Rationale 2: Hematemesis or vomiting of bright red blood or blood that looks like coffee grounds generally indicates bleeding from a source proximal to the ligament of Treitz in the upper GI tract.

Rationale 3: Dark brown stools are normal and would not be thought to contain blood. When these stools test positive the stool is considered to contain occult blood. Occult blood indicates bleeding is occurring somewhere in the GI tract and is not limited to lower GI bleeding.

Rationale 4: Melena or black, tarry, foul-smelling stools generally indicate an upper GI bleed. The small intestine or the right colon may be the source, but this is not as likely a sign of lower GI bleed as another type of stools.

Global Rationale: 

Cognitive Level: Analyzing

Client Need: Physiological Integrity

Client Need Sub: Physiological Adaptation

Nursing/Integrated Concepts: Nursing Process: Assessment

Learning Outcome: 21-1

Question 2

Type: MCSA

A patient admitted with fatigue, dyspnea, and a hemoglobin level of 8.6 mg/dL tells the nurse that he occasionally has dark, smelly stools but they go away in a few days. The nurse would conduct additional assessment for which most common cause of this history?

1. Inability to absorb protein

2. Lower gastrointestinal bleed

3. Chronic gastrointestinal bleed

4. Upper gastrointestinal bleed

Correct Answer: 3

Rationale 1: There is no indication that this patients history relates to inability to absorb protein. There is a different, common reason for these findings.

Rationale 2: Typically, lower GI bleeds present with red or bright red stools.

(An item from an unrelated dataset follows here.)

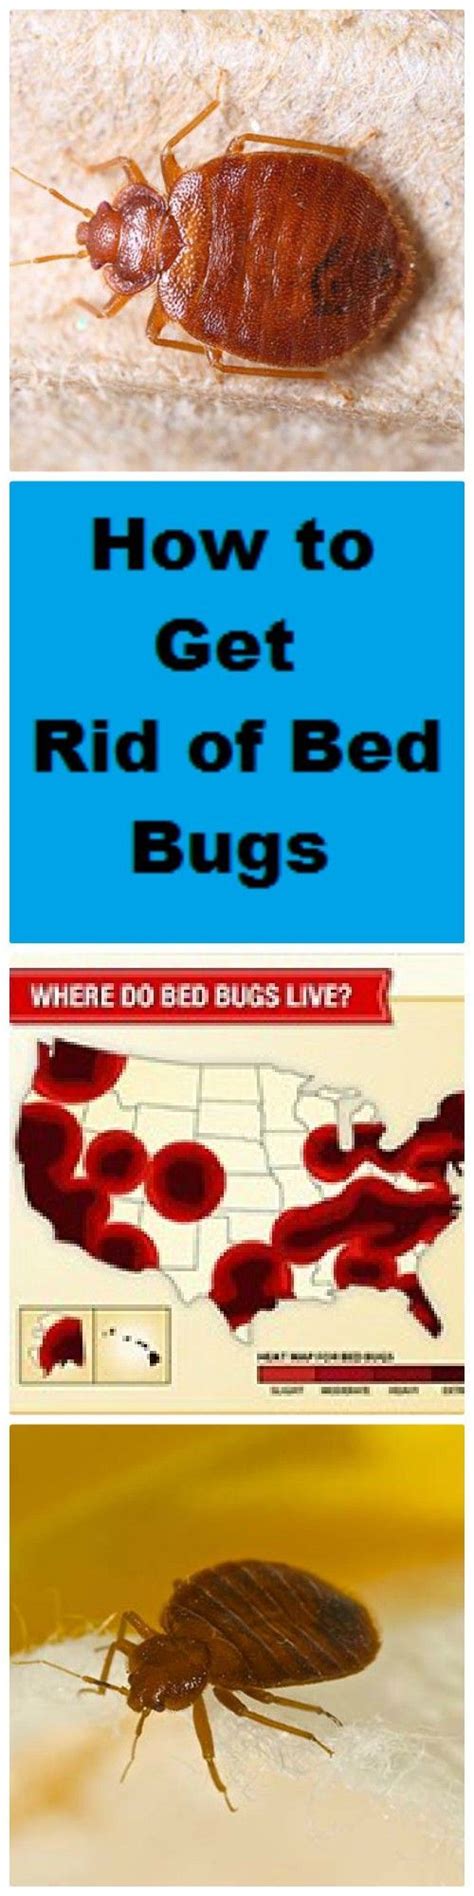 Have Bed Bugs Get Rid Of Them Quick With Domyowns Step By Step Guide

Rationale 3: The patient with a chronic gastrointestinal bleed may exhibit recurrent episodes of melena or hematochezia. Patients may have no signs or symptoms of acute blood loss but may present with manifestations associated with anemia, such as fatigue, dyspnea, and low red blood cell count and hemoglobin.

Rationale 4: While this patient may have an upper GI bleed, there is a more specific answer to this question.

Global Rationale: 

Cognitive Level: Analyzing

Client Need: Physiological Integrity

Client Need Sub: Physiological Adaptation

Nursing/Integrated Concepts: Nursing Process: Assessment

Learning Outcome: 21-1

Question 3

Type: MCMA

A patient diagnosed with gastric ulcer is prescribed sucralfate (Carafate). Which patient teaching should the nurse provide?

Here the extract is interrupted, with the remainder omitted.